Quando partiu, levava as mãos no bolso, a cabeça erguida.
Não olhava para trás, porque olhar para trás era uma maneira de ficar num pedaço qualquer para partir incompleto, ficado em meio para trás.
Não olhava, pois, e, pois não ficava. Completo, partiu.
- Não te quero. Nunca te quis... Será que você não entende?
Ela louca por ele, fitando-o de forma descompassada disse-lhe:
- Eu não entendo. Não posso entender como fiz de você uma razão pra viver! Não posso entender como alguém passa a amar mais a outra pessoa que a si mesma... Quer dizer, eu sei, eu amo. Eu te amo e te odeio todos os dias, por cada segundo que passo é assim! Meu amor por você é tão alienado que passo a crer até mesmo em mentiras incabíveis quando te olho. Ah, quando te olho... Esse mundo de crendices, desafetos e amarguras desaparecem. Quando eu te olho eu me acalmo e me sinto mais perto de mim mesma, sinto minha alma saindo pela minha carne e penetrando em meus poros.

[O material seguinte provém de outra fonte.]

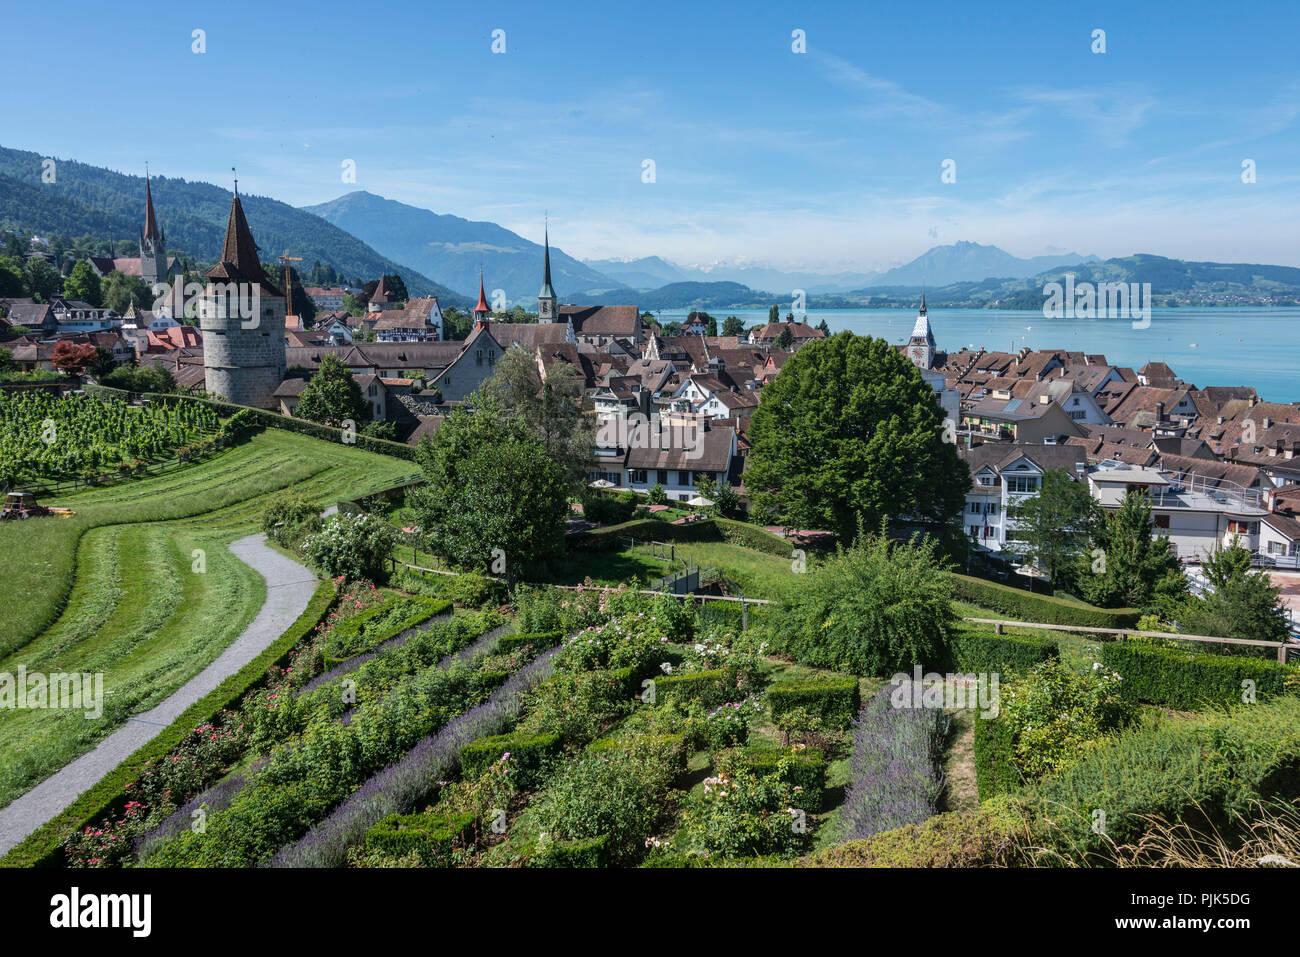 View on town and lake, Zug, Lake Zug, Canton of Zug, Switzerland ...

Eu te odeio tanto, tanto! Te odeio tanto por não corresponder a esse amor, que mesmo sujo, tolo, sem graça, exposto em sangue... É o que me limpa de estar viva mesmo sem querer. Querer, sim eu quero. Eu quero você! Te quero por nós dois. O meu amor é tão grande que ultrapassaria as barreiras dos desejos ocultos em você e faria você me olhar com os olhos de carinho e ternura. Eu te amo tanto, que é por você que espero todos os dias ainda naquela praça... Sentada com minhas sapatilhas cor-de-rosa, aguardando um encontro que ficou prometido só nas entrelinhas dos meus pensamentos. Tenho tanta coisa para te dizer! Tanto sentimento-abobalhado-aumentado-exagerado para lhe mostrar.
Vem comigo, afunde, lute, brinque, sorria ao ver meu sorriso... Eu te preciso tanto!
Me deixa chafurdar nessa dor de sentimentos exagerados, eles fazem eu me sentir mais viva, mais menina serelepe brincando de dança de roda... A vida sem você é muito ruim meu companheiro. Sem cor, nem mesmo dor... Nem nada.
Ele então lhe deu um abraço apertado, beijou-a na testa com todo respeito que sentia pelo sentimento da menina e saiu calado, andando pela noite fria. Provavelmente seguiria sua vida, conheceria outras moças, outros gostos, outros cheiros... É o ciclo.
A menina princesa de um castelo desabitado, de um príncipe sem cavalo branco, por sua vez, alternando entre os soluços e lágrimas, sentiu um alívio tremendo por enfim dizer tudo que sentia, tudo que saía de cada parte de sua carne viva tão cheia de cicatrizes.
E então ela também saiu andando, com um sorriso doce no canto da boca e lágrimas escorrendo em sua face. Enquanto andava com o coração leve se enchia de Vinícius de Moraes e cantava, amargurada porém com uma pontinha de esperança que tudo um dia podia mudar: "A felicidade é como a gota de orvalho numa pétala de flor, brilha tranqüila depois de leve oscila... E cai como uma lágrima de amor!"